杜鑫扬伸手抓着付安澈的手,崩溃的晃了几下头,没有一丝血色的嘴唇上因为轻微的脱水干裂起皮,“哈啊,老公,他不动了,我生不下来,额…我没力气了……我,我不想生了,呃啊啊……”
付安澈也发现了杜鑫扬请问脱水的症状,又给他擦了擦额头上还没来得及滚落的汗珠,起身准备去给杜鑫扬拿些补水和补充体力的东西来。
杜鑫扬见付安澈起身要走,以为是自己的话惹的付安澈不高兴。
顿时急了,不知哪里来的力气,坐起身来就想去追付安澈。
脚刚一落地就“咚”
的一声,直直跪倒在了地上,下坠的孕肚也跟着狠狠一颠。
“呃…”
杜鑫扬闷闷的痛叫一声,眼前一黑,软着身子就要往边上倒。
“扬扬!”
付安澈听到声音回头就见杜鑫扬侧躺着瘫倒在地上。
杜鑫扬已经分不清自己的疼痛究竟是从什么地方传来的更疼些。
好像是肚子,又好像是腰,也可能是撕裂的穴口,只觉得浑身上下没一处不疼的。
“嗬啊,嗬啊…”
杜鑫扬喉咙里发出几声痛极的粗喘。
付安澈急忙蹲下身查看低声询问杜鑫扬的情况。
杜鑫扬只觉得付安澈的声音在耳边忽远忽近,他能听到对方是在同他说话,确听不清对方究竟在说些什么。
好半晌杜鑫扬才渐渐缓了过来,他按着已经又些瘪下去的上腹,痛叫“疼,好疼,下面,下面好像裂开了……”
付安澈没敢冒然移动杜鑫扬,听到杜鑫扬的痛呼,赶紧弯腰检查。
只见穴口已经完全被撑开,露出了半个胎儿的头,穴口被撑的没有一丝褶皱,右侧的边缘处有一处撕裂伤,鲜红的血液正顺着破口处流下来,这一会儿的功夫已经顺着大腿留到了地板上。
但是现在胎儿还卡在那里,只能等到胎儿产下再做处理。
付安澈尝试抱起杜鑫扬让他重新回到床上。
但是胎儿卡在腿间这个动作根本无法完成。
付安澈只好托着杜鑫扬的腋下,将正在痛苦呻吟的可怜人儿托了起来。
本是想将杜鑫扬重新扶到床上,但是却被杜鑫扬的叫声打断了,“呃啊啊,老公,哈啊老公,别,别动我,他要出来了,他出来了,嗯啊啊啊…”
付安澈赶忙扶住杜鑫扬不在动弹。
杜鑫扬双膝跪在地板上,腋下被付安澈托着,整个上身微微前倾,将头抵在床上,挺着腰使劲。

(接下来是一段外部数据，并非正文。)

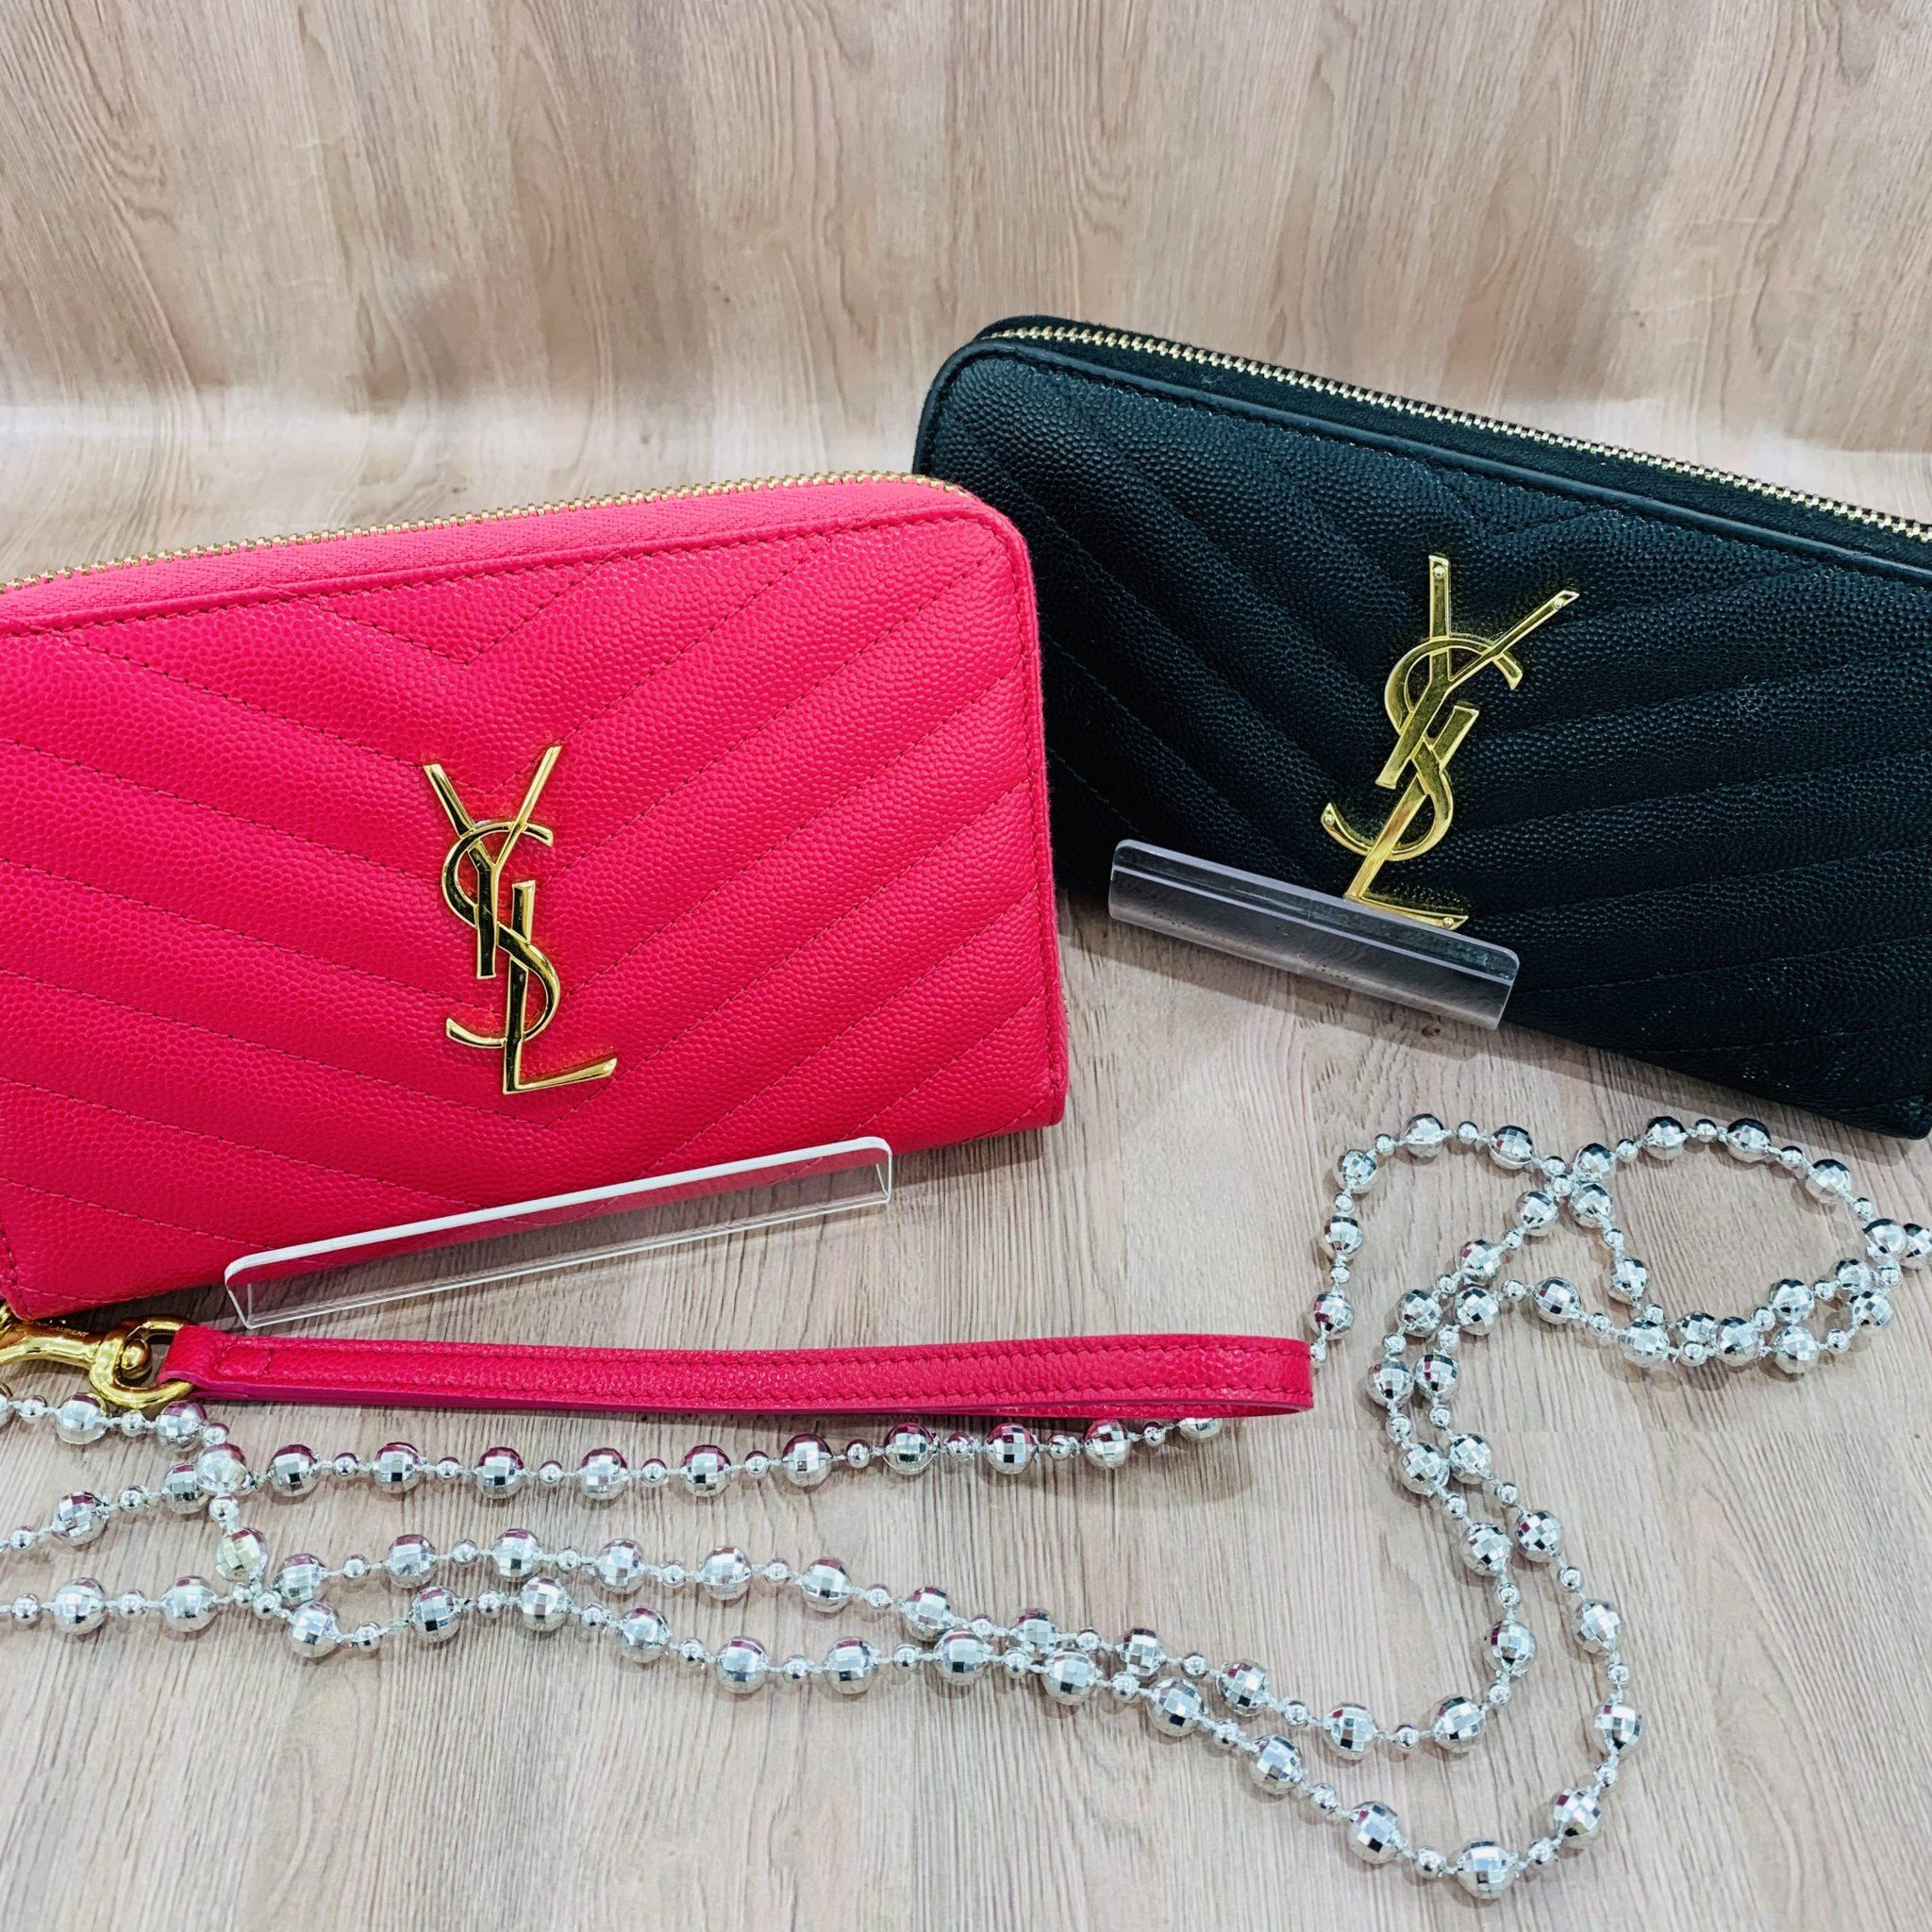 【ブランド 販売 盛岡】オススメのブランド【SAINT LAURENT】のお財布はいかがですか?

穴口撕裂流出的血似乎刚好代替流光的羊水做了润滑,让胎儿更容易出来一些。
随着杜鑫扬一个用力孩子的头终于被娩了出来。
杜鑫扬趴在床上喘着粗气,示意付安澈松开托在他腋下的手。
扬起苍白的小脸深吸了口气,对付安澈到“呼,老公,别弄我去床上了,我就
!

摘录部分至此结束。